This thesis introduces a novel framework for execution of a broad class of iterative machine learning algorithms on massive and dense (non-sparse) datasets. Several classes of critical and fast-growing data, including image and video content, contain dense dependencies. Current pursuits are overwhelmed by the excessive computation, memory access, and inter-processor communication overhead incurred by processing dense data. On the one hand, solutions that employ data-aware processing techniques produce transformations that are oblivious to the overhead created on the underlying computing platform. On the other hand, solutions that leverage platform-aware approaches do not exploit the non-apparent data geometry.
My work is the first to develop a comprehensive data- and platform-aware solution that provably optimizes the cost (in terms of runtime, energy, power, and memory usage) of iterative learning analysis on dense data. My solution is founded on a novel tunable data transformation methodology that can be customized with respect to the
underlying computing resources and constraints.

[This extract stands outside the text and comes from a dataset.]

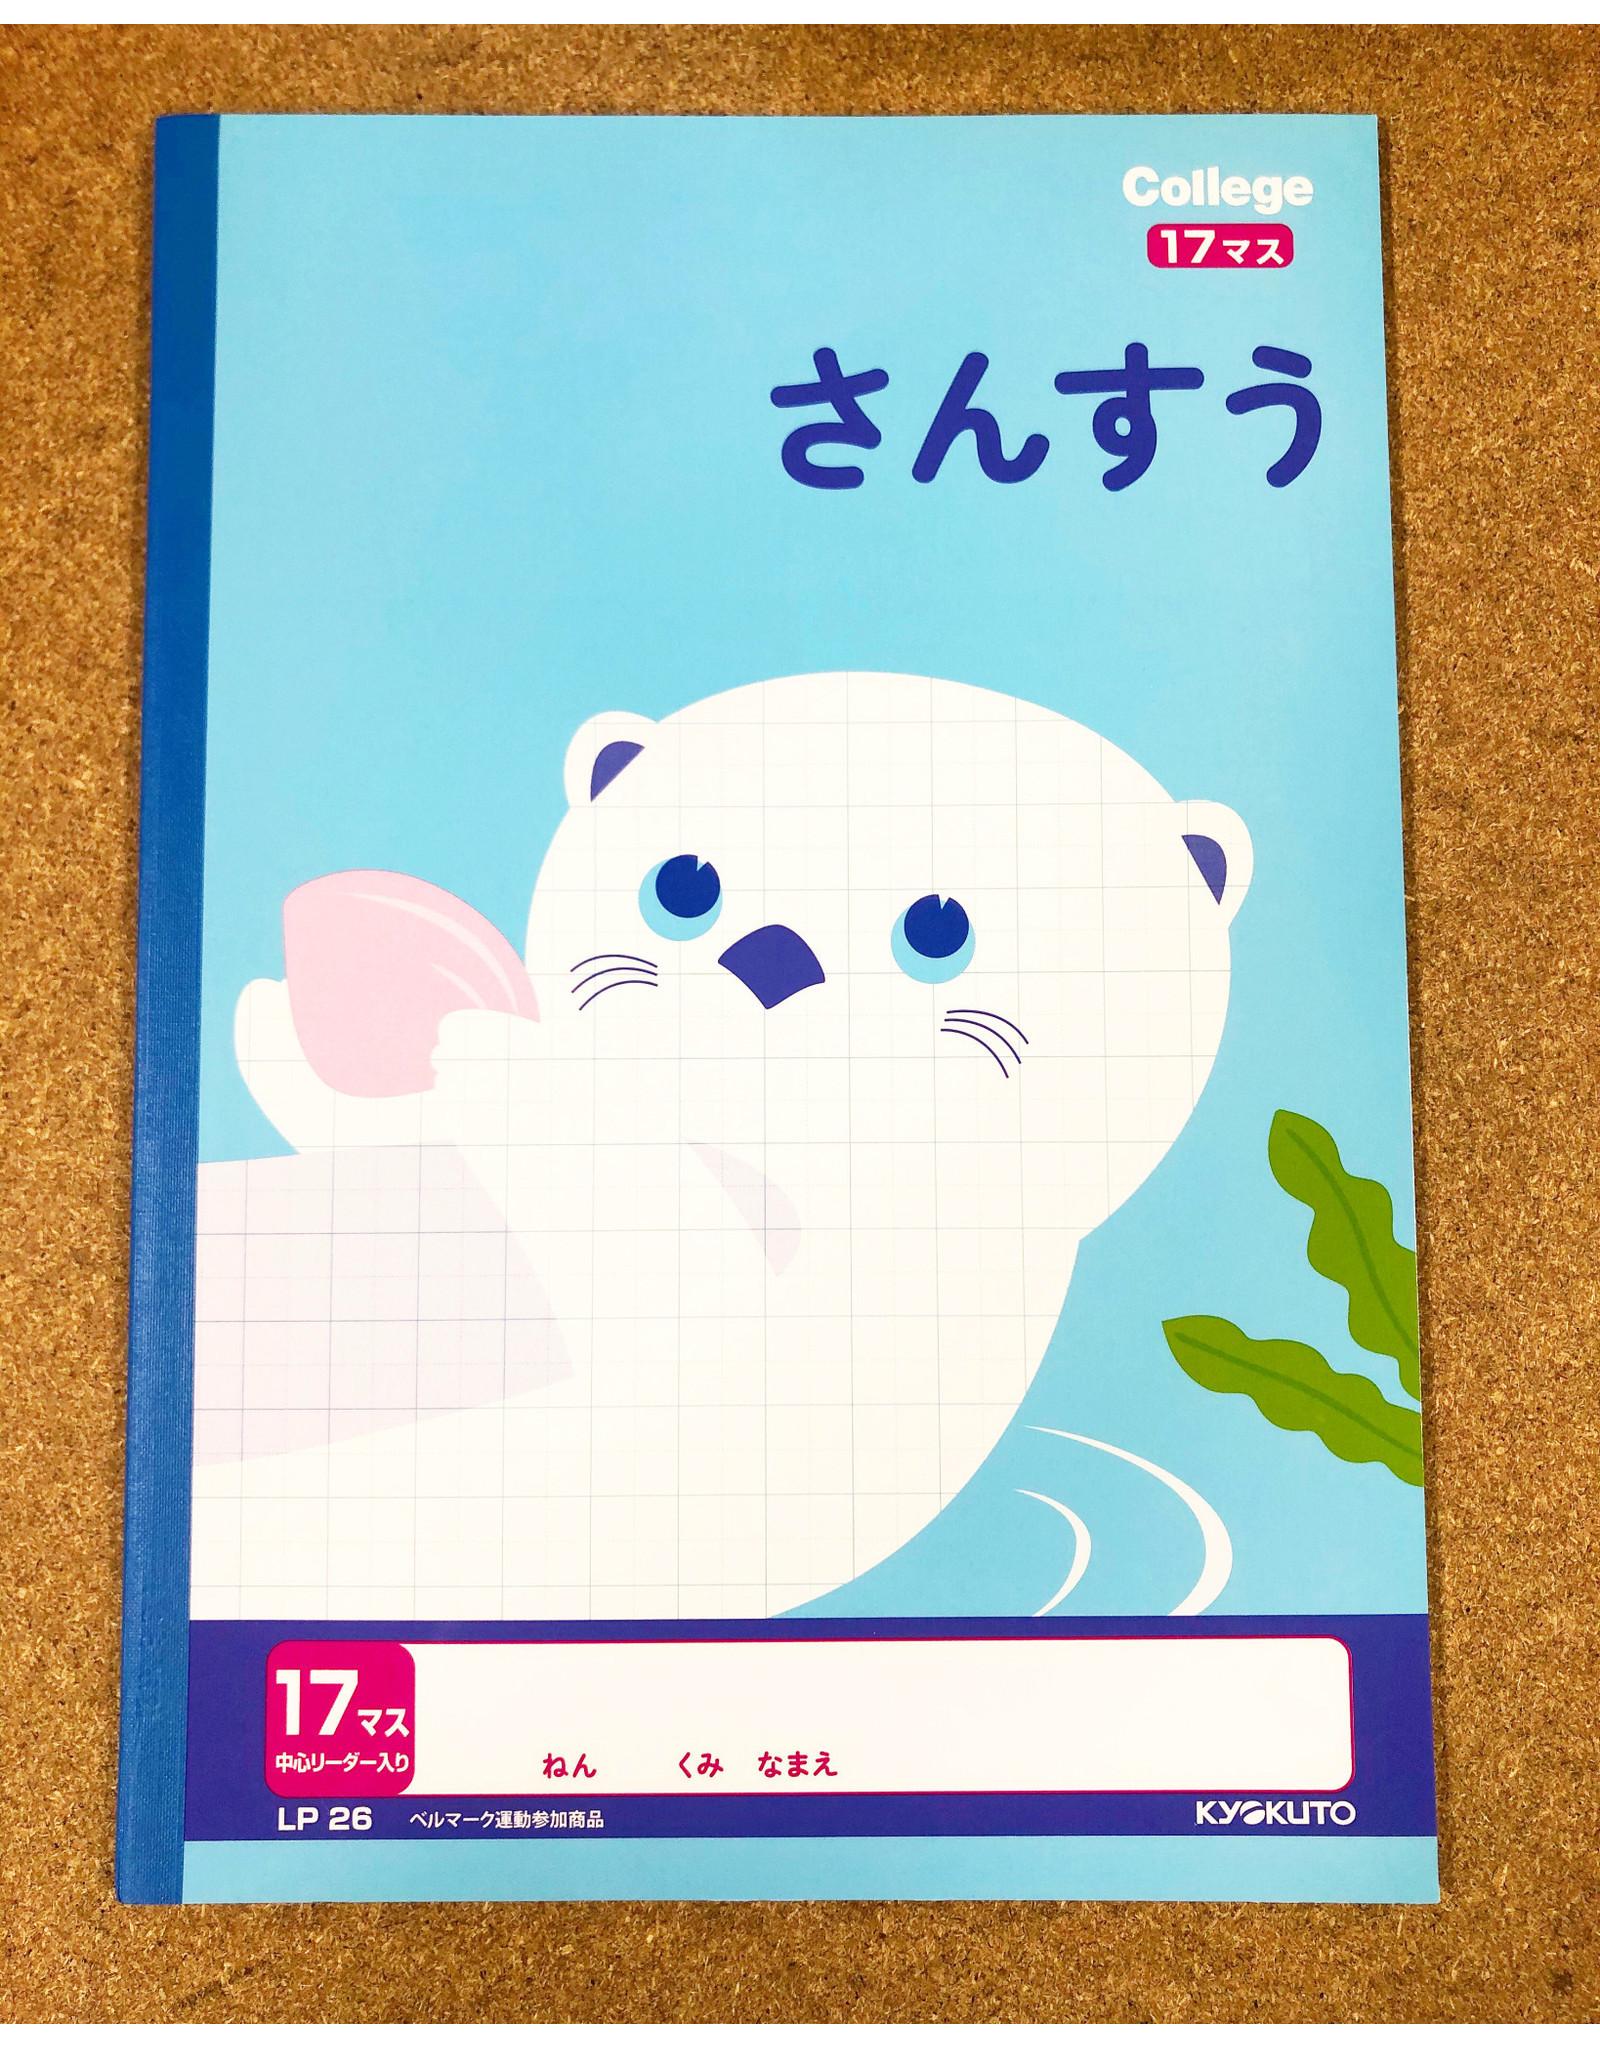 Kyokuto Associates co., ltd. SANSU NOTE - 17MASU WITH LEADER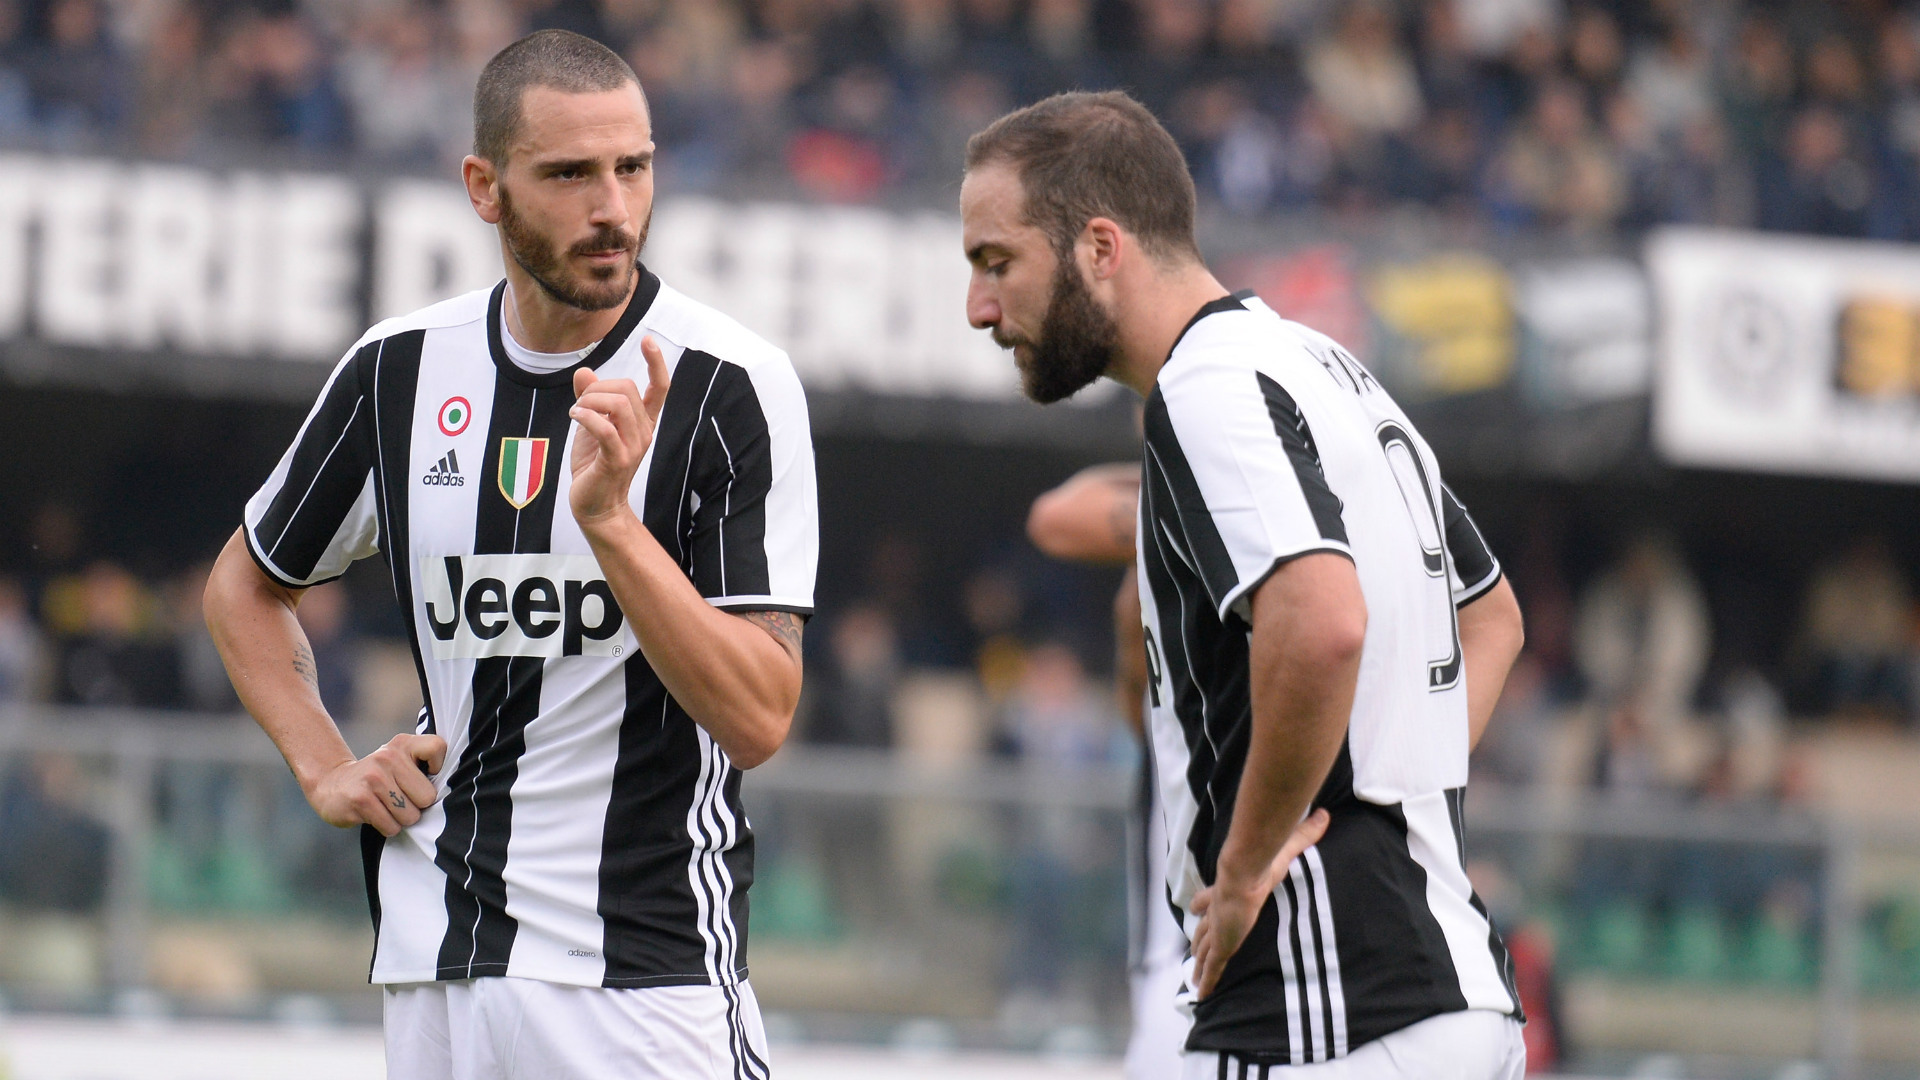 Leonardo Bonucci Gonzalo Higuain Juventus 2016-17

My key contributions include: (i) introducing a scalable and parametric data transformation methodology that leverages coarse-grained parallelism in the data to create versatile and tunable data representations, (ii) developing automated methods for quantifying platform-specific computing costs in distributed settings, (iii) devising optimally-bounded partitioning and distributed flow scheduling techniques
for running iterative updates on dense correlation matrices, (iv) devising methods that enable transforming and learning on streaming dense data, and (v) providing user-friendly open-source APIs that facilitate adoption of my solution on multiple platforms including (multi-core and many-core) CPUs and FPGAs.
Several learning algorithms such as regularized regression, cone optimization, and power iteration can be readily solved using my APIs. My solutions are evaluated on a number of learning applications including image classification, super-resolution, and
denoising. I perform experiments on various real-world datasets with up to 5 billion non-zeros on a range of computing platforms including Intel i7 CPUs, Amazon EC2, IBM iDataPlex, and Xilinx Virtex-6 FPGAs. I demonstrate that my framework can
achieve up to 2 orders of magnitude performance improvement in comparison with current state-of-the-art solutions.